Removal of low abundance markers
As described above, we will perform some further filtering steps to remove lowly abundant markers. Depending on the nature and quality of the dataset we can decide on heuristic strategies such as to only include markers that have either more than for example 20 reads per component or an abundance that is higher than the most abundant isotype control. To inform the choice of cutoff value, we can plot the distribution of the most abundant isotype control. As seen in the plot, we observe that most components have a maximum isotype control abundance between 5 and 20 counts. Markers with fewer counts, can be considered as negative in this component.
# Collect the isotype controls
isotype_controls <- c("mIgG1", "mIgG2a", "mIgG2b")
# plot isotype abundance distribution
pg_data_combined %>%
JoinLayers() %>%
LayerData(layer = "counts") %>%
as.data.frame() %>%
tibble::rownames_to_column("marker") %>%
tidyr::pivot_longer(-marker, names_to = "component", values_to = "counts") %>%
filter(marker %in% isotype_controls) %>%
group_by(component) %>%
summarize(iso_max = max(counts)) %>%
ggplot(aes(iso_max)) +
geom_histogram(binwidth = 1) +
xlab("Maximum abundance of isotype control per component") +
ylab("Number of components") +
xlim(0,100) +
theme_bw()
# Create a filtered polarization object.
# Start with all scores
pol_scores <- PolarizationScores(pg_data_combined, meta_data_columns = "sample")
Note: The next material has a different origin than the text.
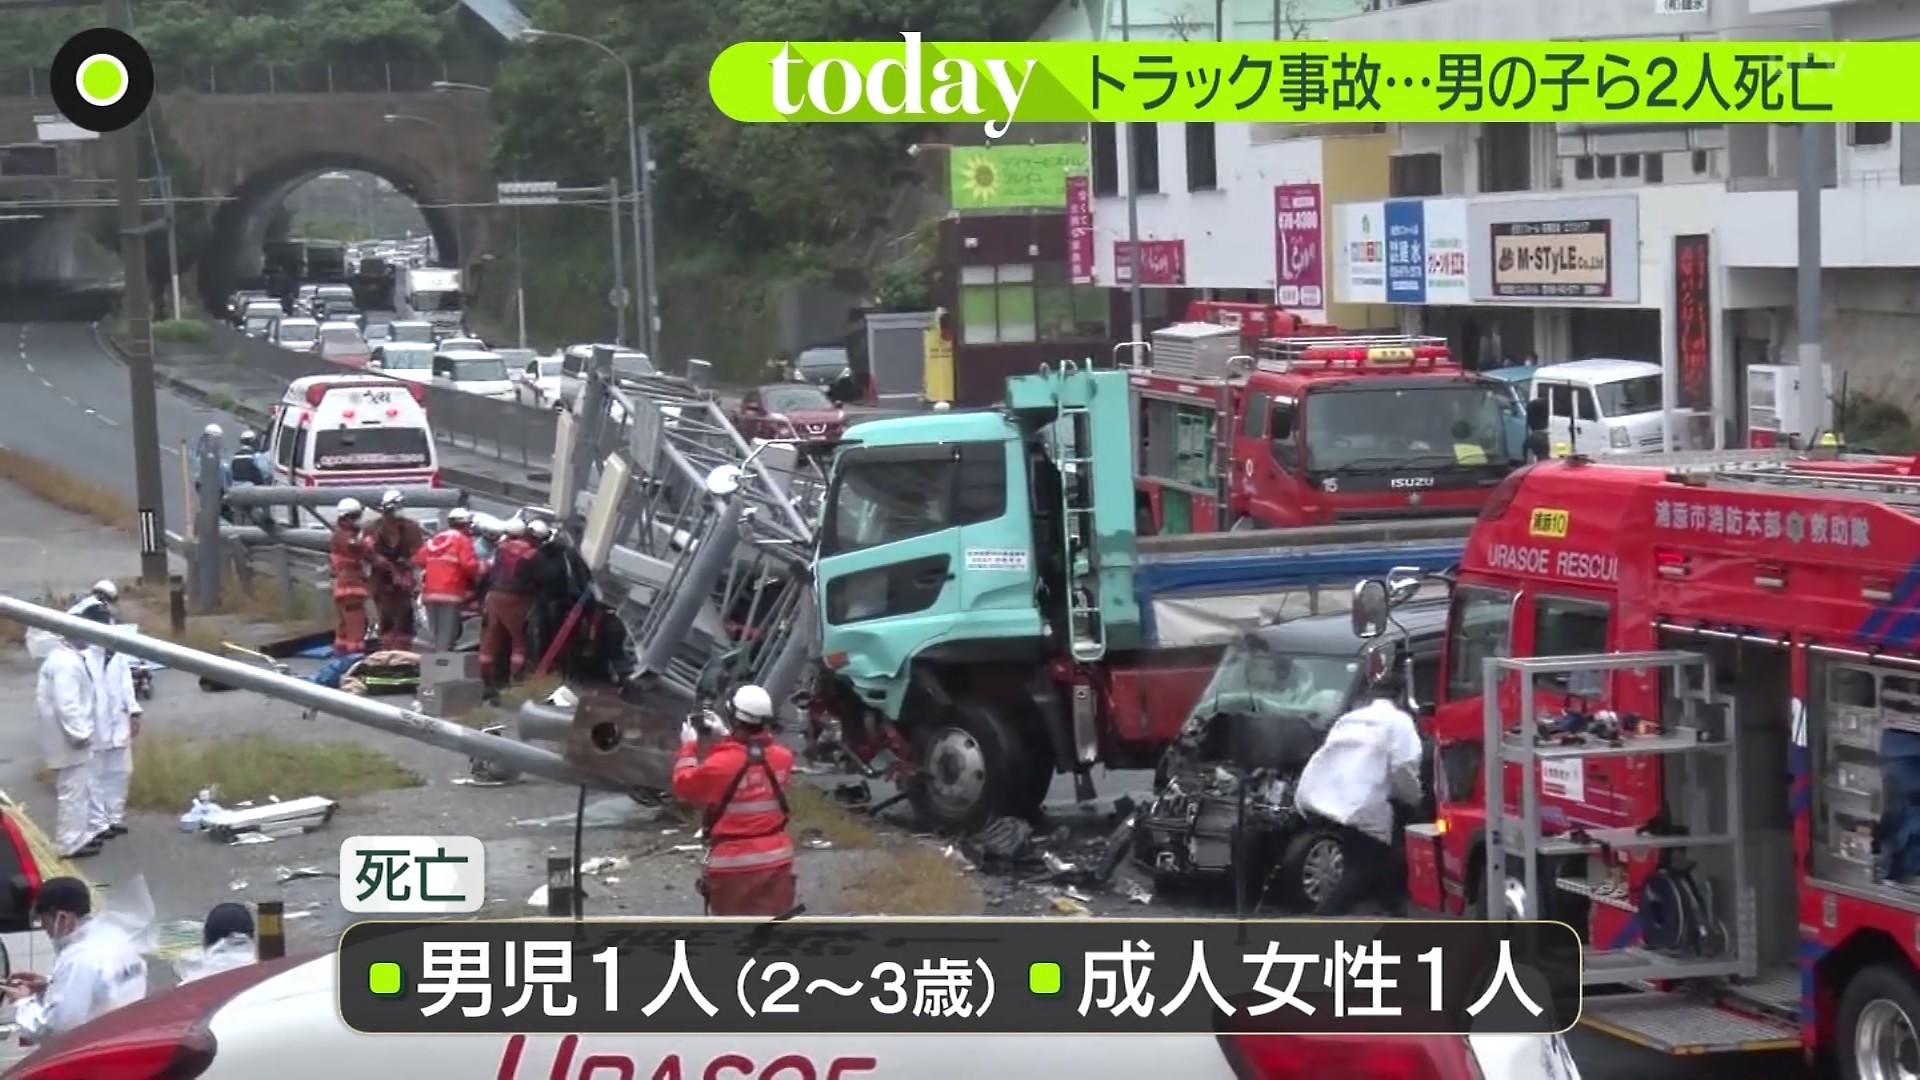 事故 沖縄 浦添 浦添の多重事故、ダンプ運転手「記憶ない」 速度記録に不備

# Collect the isotype controls
isotype_controls <- c("mIgG1", "mIgG2a", "mIgG2b")
# Create an object with the count data per component and marker
cts <- pg_data_combined %>%
JoinLayers() %>%
LayerData(layer = "counts") %>%
as.data.frame() %>%
tibble::rownames_to_column("marker") %>%
tidyr::pivot_longer(-marker, names_to = "component", values_to = "counts")
# Create an object with the maximum abundance of the isotype controls per component
max_of_ctrls <- cts %>%
filter(marker %in% isotype_controls) %>%
group_by(component) %>%
summarize(iso_max = max(counts))
# Add this info to the polarization scores
augmented_pol_scores <- pol_scores %>%
left_join(cts) %>%
left_join(max_of_ctrls) %>%
rename(marker_count = counts,
isotype_control_counts = iso_max)
# Filter these to only retain markers with an abundance higher than 20 or the maximum isotype control abundance (whichever is higher)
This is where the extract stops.